MatchesFashion.com sent back every apparent identifiable interaction the customer had with the site since May last year. This included information such as how far through an article she had read, the wording she used when searching for products and whether this led to a purchase. In some cases, the data captured also revealed she was using an iPhone X to browse the site and an IP address revealing where she was at the time. It is clear from the data where the subject lives and where they are working.
The rationale behind storing this additional browsing data is clear.
This data can help retailers show customers relevant products and understand the types of designers that play well with certain sections of a company’s clientele. A designer may not be popular as a whole, but their presence on the site may be key to ensuring the loyalty of high-spending customers.
“The possession of customer data in aggregate can be incredibly valuable in increasing your ability to connect the product to the customer,” says Julian Burnett, vice president of global markets and distribution sector at IBM UK and Ireland.
Additionally, linking up with other retailers can paint a fuller picture. Department store John Lewis, for example, builds out its customer profiles by collecting data from its sister company Waitrose.
Loyalty cards, largely deployed by department stores and supermarkets, can also reveal a great deal about customers. In 2012, Target accidentally revealed a teenager was pregnant to her family based on the purchases that she was making, which were typical of someone in the early stages of pregnancy. In response, Target sent relevant offers to her home.
Collecting data is only one part of the equation — using that data strategically is another. “There is a big focus on trying to get as much data as possible,” Tiffany Carpenter, head of UK and Ireland customer intelligence at analytics firm SAS, says of her retail clients. “Very few are actually using the data that they are collecting about their customers.”
Consumers may be surprised by the level of data collection that they have consented to, and a recent Deloitte study found that there was a significant gap between what retailers are using data for and why consumers think that it is being gathered. But fashion retailers are generally considered behind when it comes to utilising it. “If I am being honest, fashion brands don’t jump to mind when I think about how personalisation is being used,” says Anusha Couttigane, EMEA principal fashion analyst at Kantar. “Those innovative uses of data are coming from other retail sectors.”

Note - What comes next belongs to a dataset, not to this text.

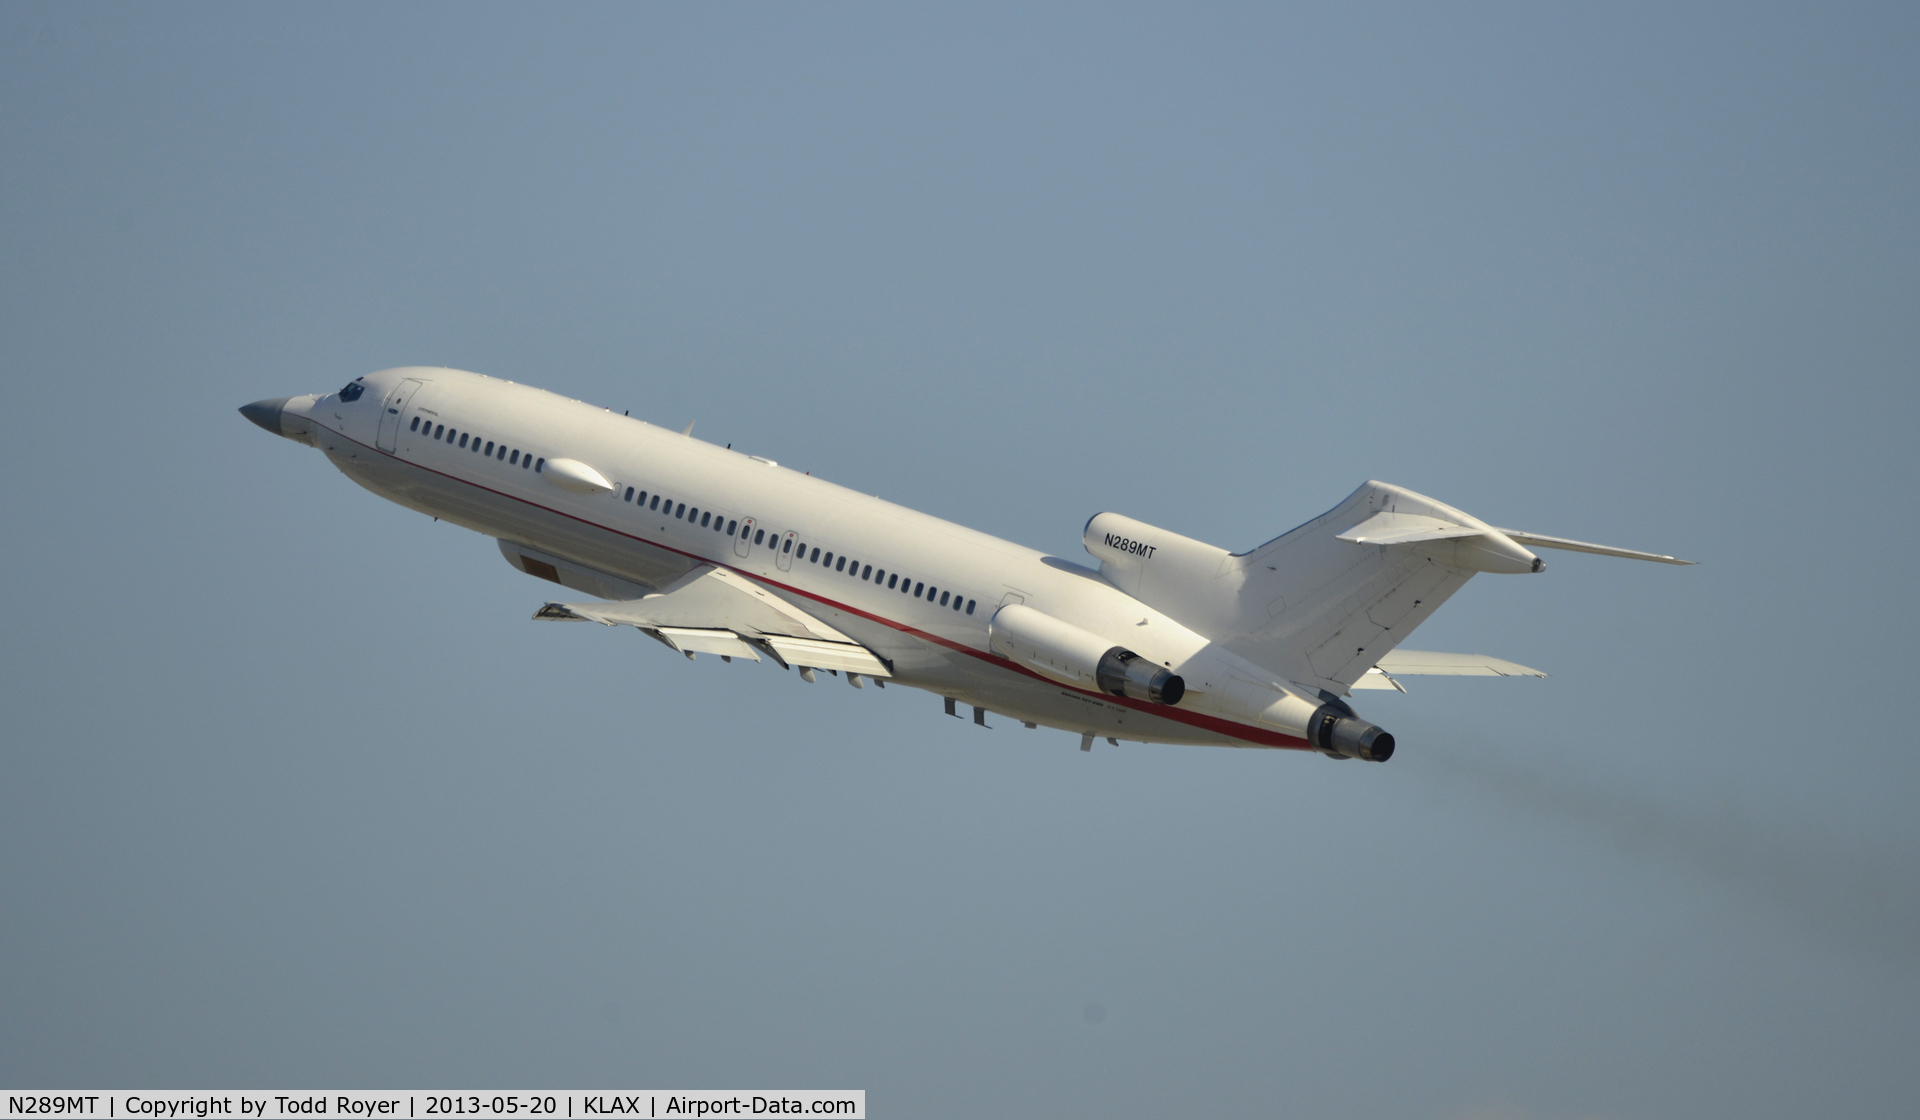 N289MT, 1981 Boeing 727-223 C/N 22467, Smokey departure from LAX

Companies with strong personalisation strategies tend to be the ones that actively ask consumers for data. Algorithm-driven personal styling service Stitch Fix, for example, requests information on its users’ style preferences. This has led to consumers becoming much more comfortable sharing information, Brad Klingenberg, the company’s chief algorithms officer, writes via email. The highly personalised shopping experience builds a relationship between shoppers and Stitch Fix’s personal stylists, so customers might go on to share their pictures, details about vacation plans or even intimate events like pregnancy or a new job opportunity, which strengthens customer loyalty to the brand, he explains.
Other retailers may not be able to collect or use data in the same way Stitch Fix does, but they can get the data they need through transparency and clarity over what customers are going to get in exchange, points out Deloitte’s Sides, who regularly asks consumers what they want from retailers in return for their data. “The number one thing that comes back is better prices or more specific promotions.”
“The key is not to be scared of it,” says Bond. “Just speak to customers about why you want their data and what you want it for.”